Dorian Martin, who helped to care for an aging grandmother and was...

Thursday, April 02, 2009

Hi, Elizabeth,

 

I'm so thankful that you had the opportunity to visit with your husband. And I do know what a shock it was. I was able to see Mom in the days after she was placed in the nursing home, and did see her deteriorate rather rapidly, especially in her ability to walk and to use the restroom herself.

 

I agree with Carol that you need to take time out for yourself now. My dad also went verbal abuse from Mom, and really had to take some time get over it.

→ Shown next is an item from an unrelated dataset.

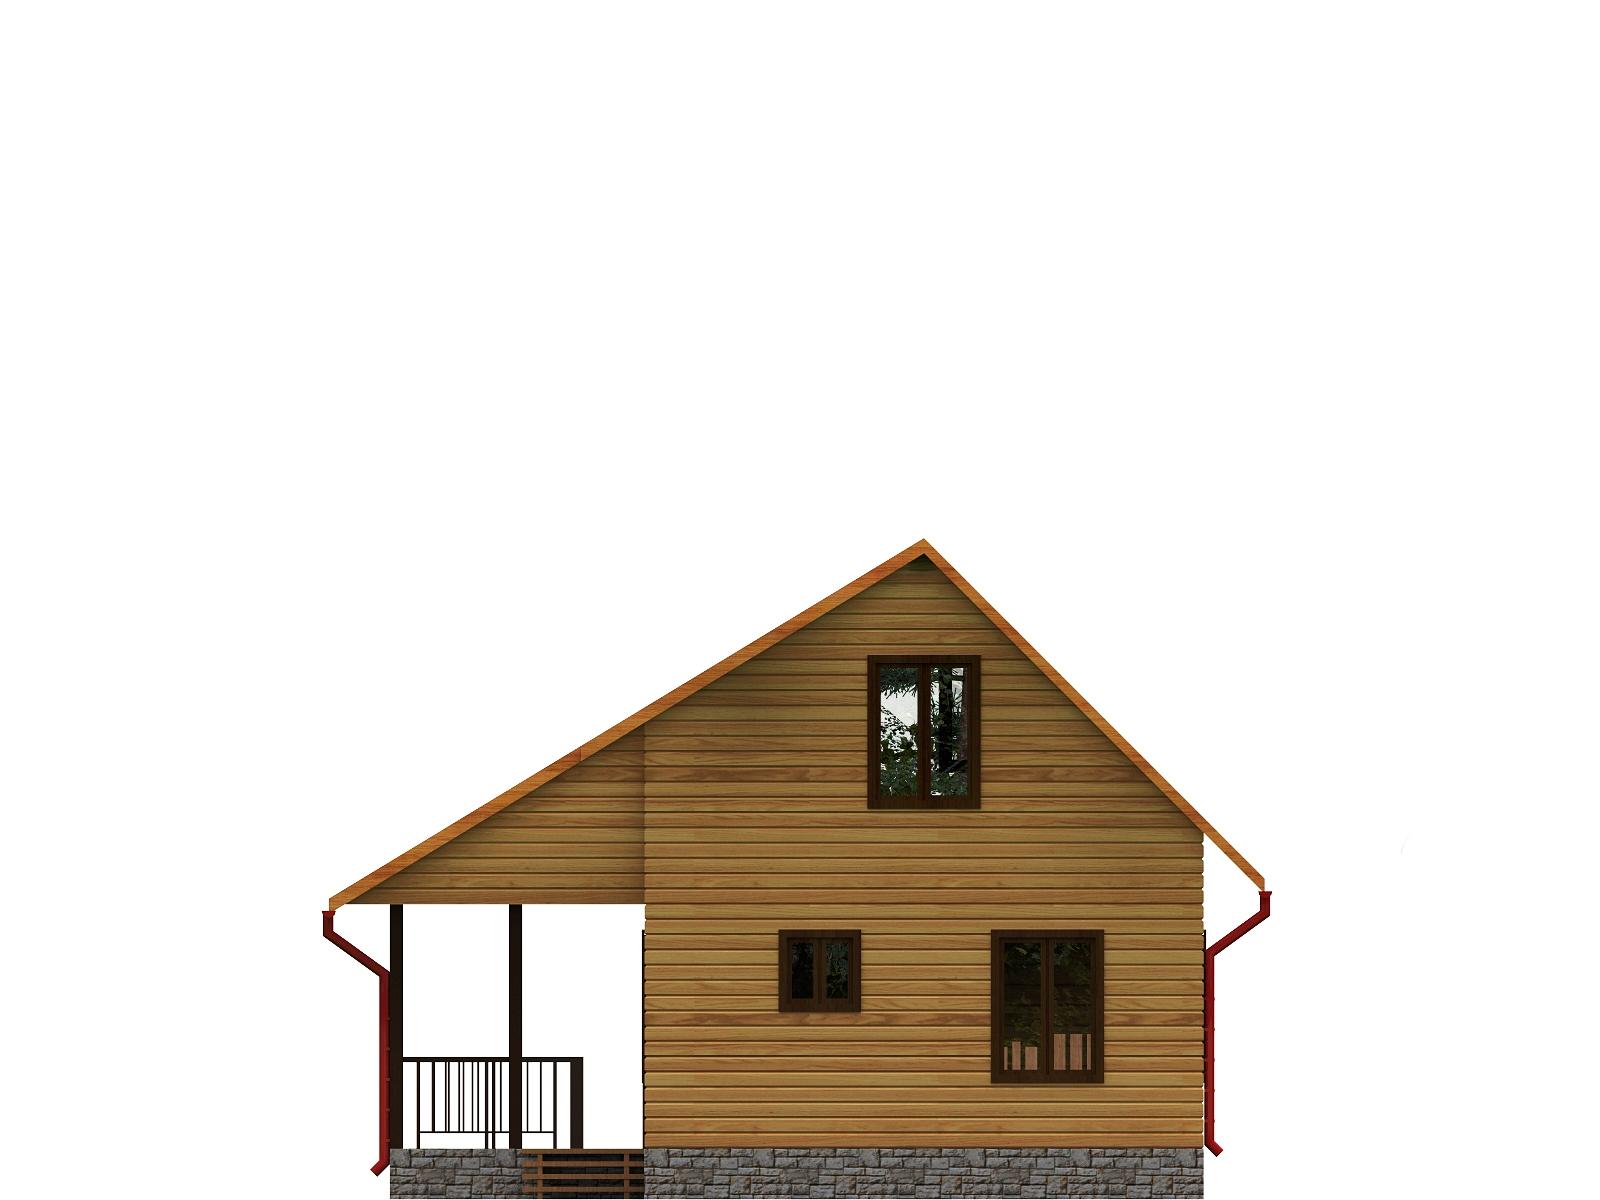 Проект дома из бруса 6,7х8 с мансардой. Разрез 2.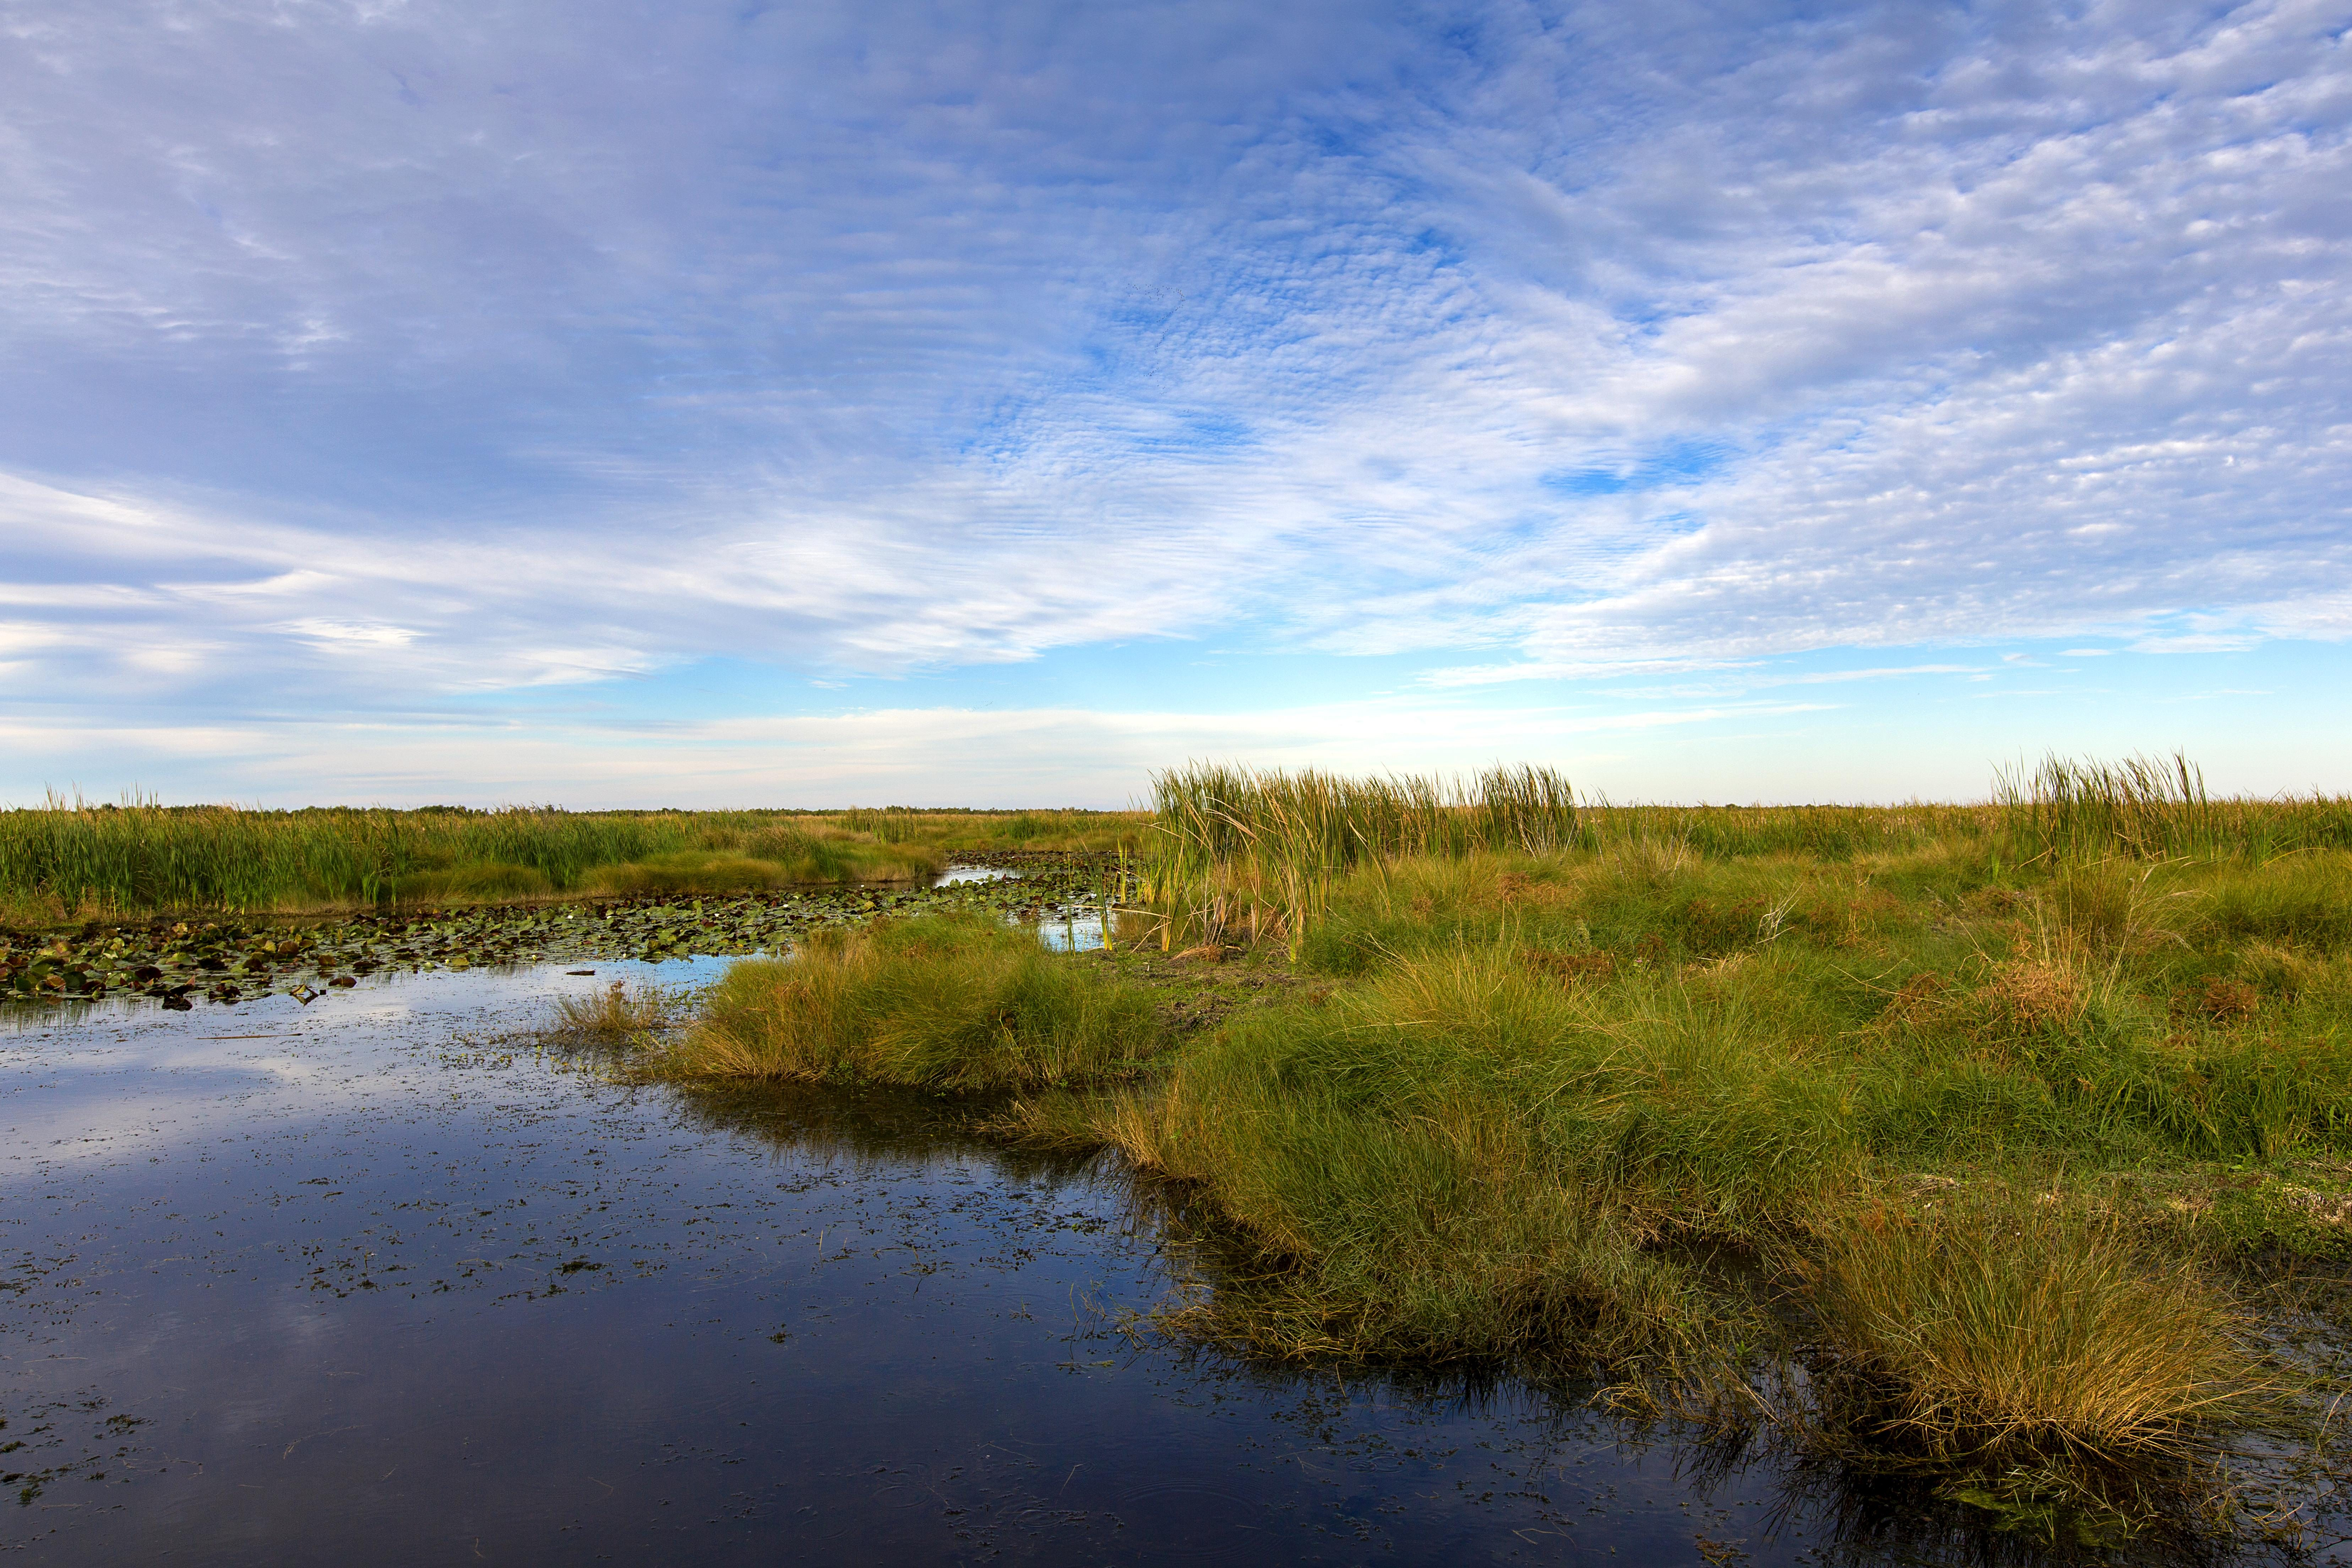 Free photograph; bayou, Sauvage, national, wildlife, refuge, Orleans, Louisiana

He would go out with friends for lunch or dinner, or a friend would come over and visit him. (At that point, he was living in the city where my parents' home was, so he was 7-hours away and couldn't visit Mom on a regular basis, which helped him relieve some of the strain he had been under.) You might try to go visit your husband a few times each week, but also make time to take care of yourself. Find time to exercise (which tends to help with depression). Prepare and eat healthy meals. Find a friend and do something fun. Go for a weekend to a bed and breakfast in a beautiful area of your state.

 

This time will be well-spent not only on you, but also eventually on your husband. I learned that caregiving didn't end when the loved one enters a care facility; instead, these responsibilities morph into an advocate role for the loved one. And to do that well and to be there for Mom when needed, I found I had to place my own self-care higher than it had been previously.

 

Again, take care and keep us posted!